Every summer we have a garden, and every summer the only thing we end up with a ton of is jalapeños. My husband is the jalapeño whisperer. We’ve probably gotten at least 40 so far, and more are still growing out there. I can’t let them go bad, so I’m making a lot of jalapeño-based recipes. This one only uses two fresh jalapeños for garnish, but that’s two less in my fridge now. I used canned jalapeños for the contents of the soup, because it saves time and doesn’t really compromise on flavor. Plus, I have extra cans from when I sent my husband to the store for canned green chiles and he came back with jalapeños. Oops.

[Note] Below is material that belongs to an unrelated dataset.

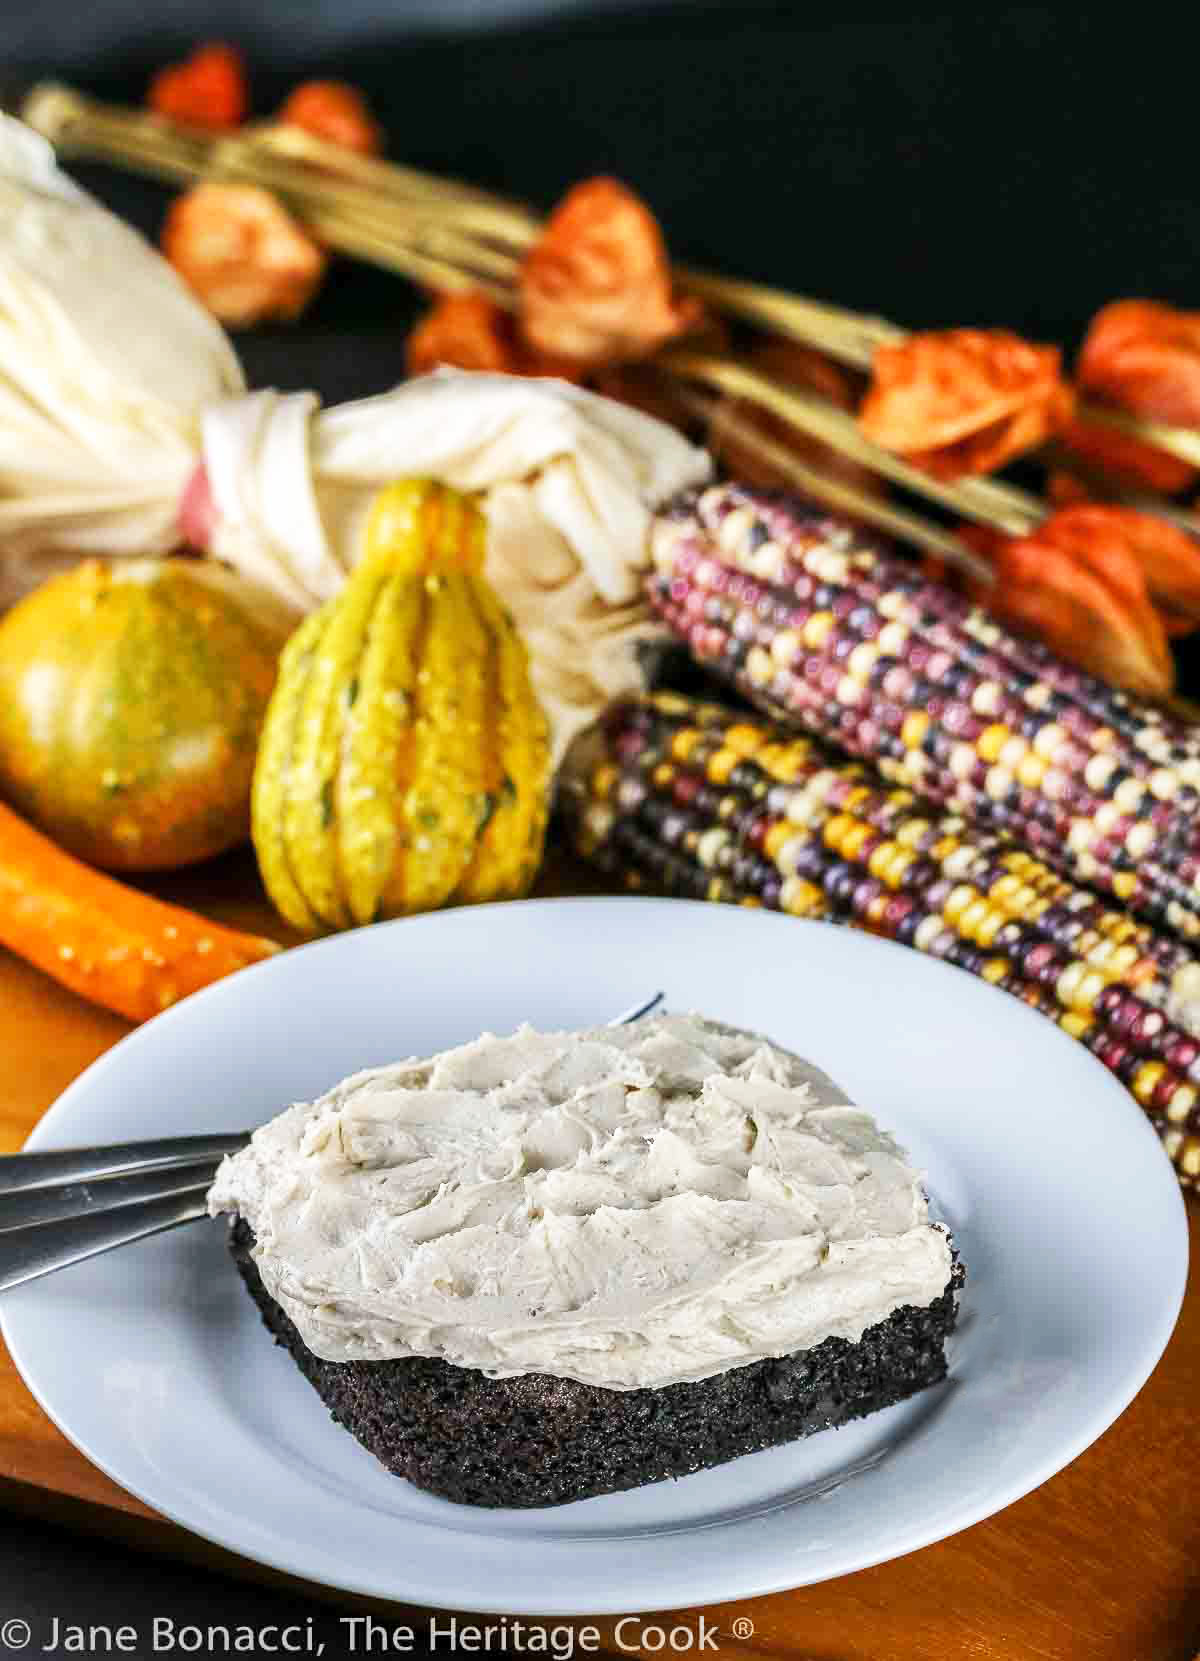 Square of chocolate cake topped with pillows of white maple frosting on a plate in front of seasonal corn cobs, flowers, gourds, etc. © 2023 Jane Bonacci, The Heritage Cook.
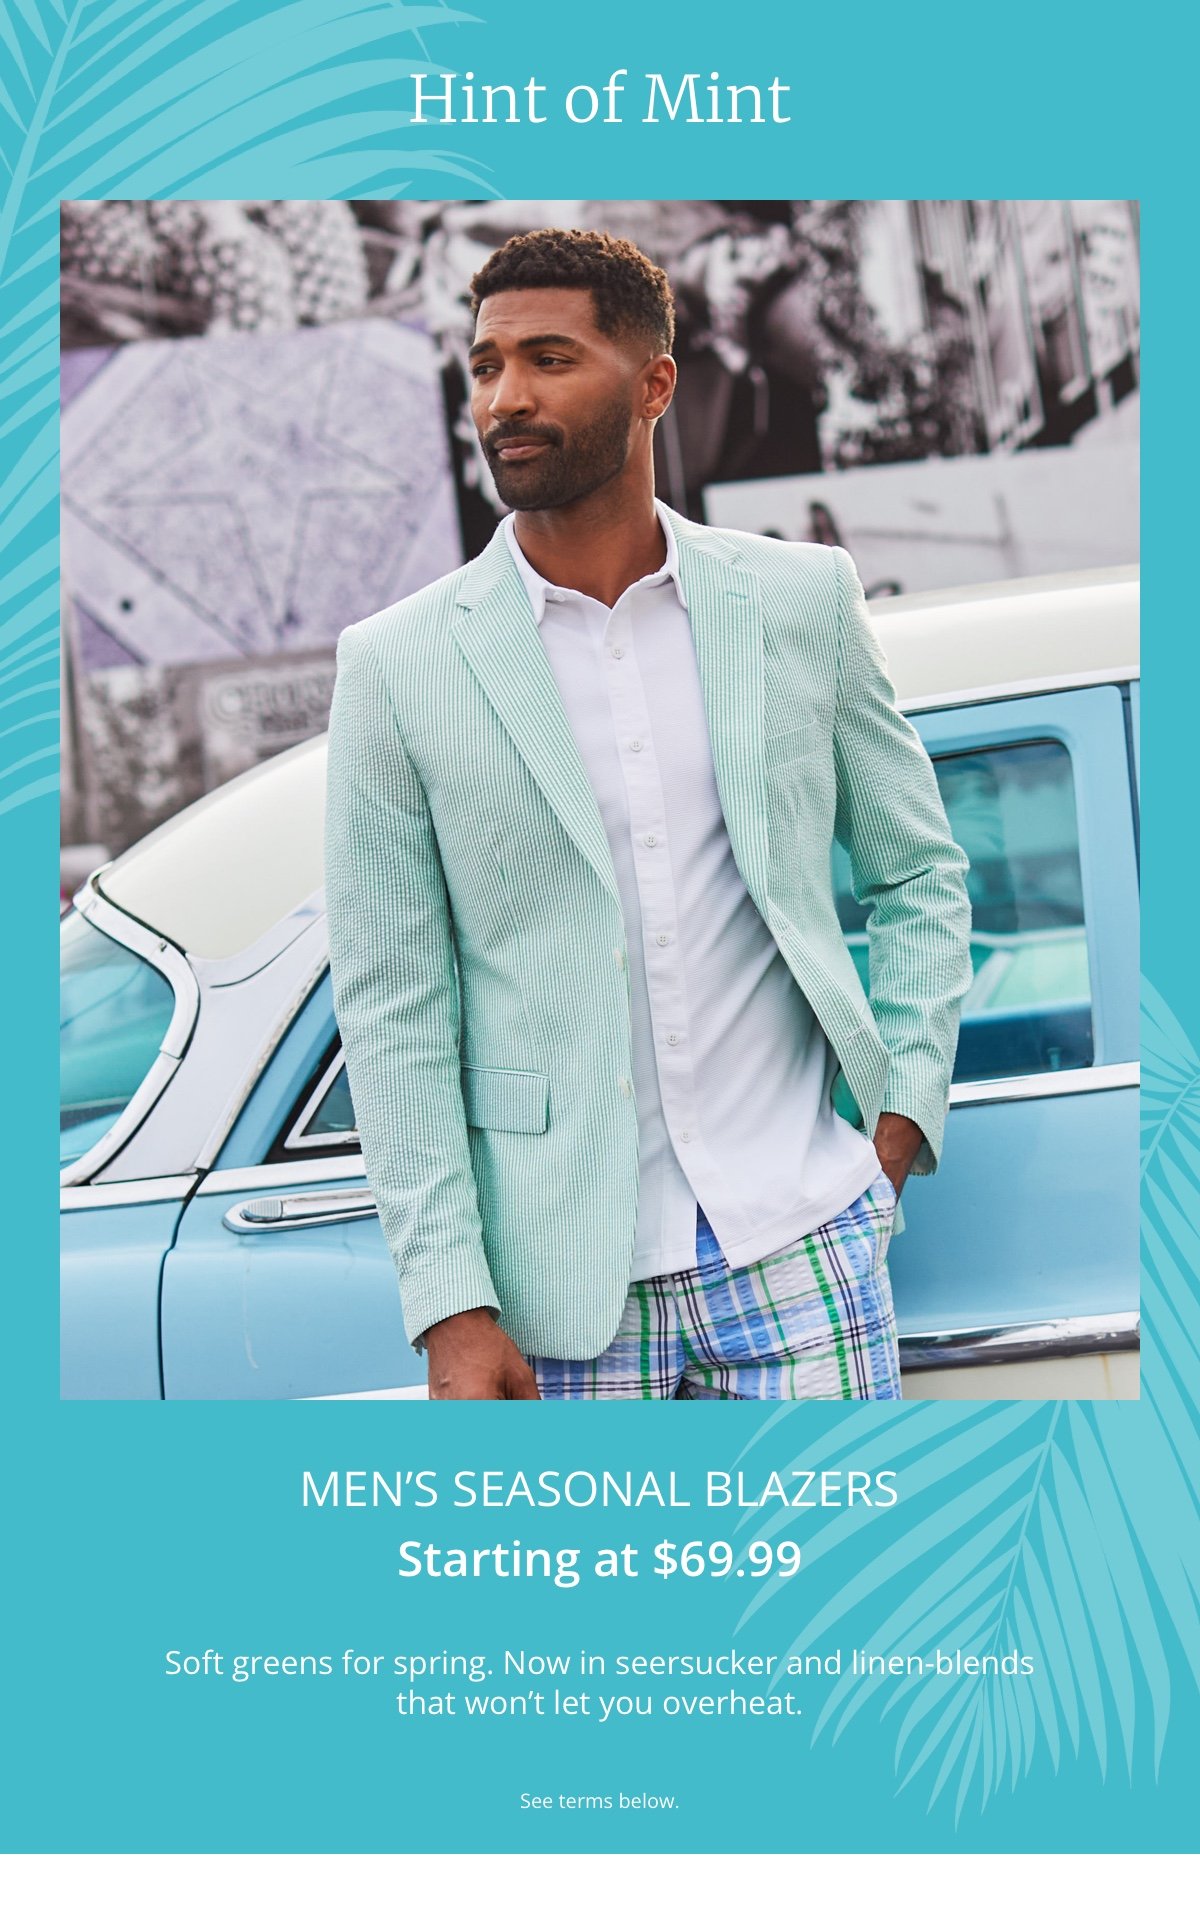 Hint of Mint|Men’s Seasonal Blazers|Starting at \\$69.99|Soft greens for spring. Now in seersucker and linen-blends that won’t let you overheat. Soft greens for spring. Now in seersucker and linen-blends that won’t let you overheat. |See terms below.

The base of this soup is a pound of chicken breasts and four cups of chicken broth. Those 32-ounce cartons of broth are perfect for this, because you can just dump one into your Instant Pot without having to measure anything. Toss in your chicken breasts along with it. You can do it directly from frozen if you want, just add five minutes to the cook time. I did it this way and it worked fine. To that, add your drained 4-ounce can of diced jalapeños, and a teaspoon each of salt, onion powder, garlic powder, and cumin. Then put the lid on your Instant Pot, and set for pressure cook on high for 15 minutes if using fresh chicken, and 20 minutes if using frozen. After the cook time is complete, let it release naturally for 10 minutes, then manually release the rest of the way. During that ten minutes, fry up three slices of bacon and mince two fresh jalapeños. Make sure to wear food-safe gloves!

Open the lid again and remove the chicken, letting it cool on a plate. Set the pot to saute and whisk in an entire 8-ounce brick of cream cheese that’s been cut or torn into chunks. When the cream cheese has mostly broken down, pour in a half cup of heavy cream and whisk some more, then add a cup of shredded pepper jack and a cup of shredded sharp cheddar, working in 1/4 cup increments. Make sure each handful of cheese has fully melted into the soup before you add more, otherwise you might get clumps. Once you’ve added all the cheese, turn off the Instant Pot. Shred the chicken with forks and stir it into the pot. Pour the soup into bowls or meal prep containers, and garnish each one with crumbled bacon and minced jalapeños.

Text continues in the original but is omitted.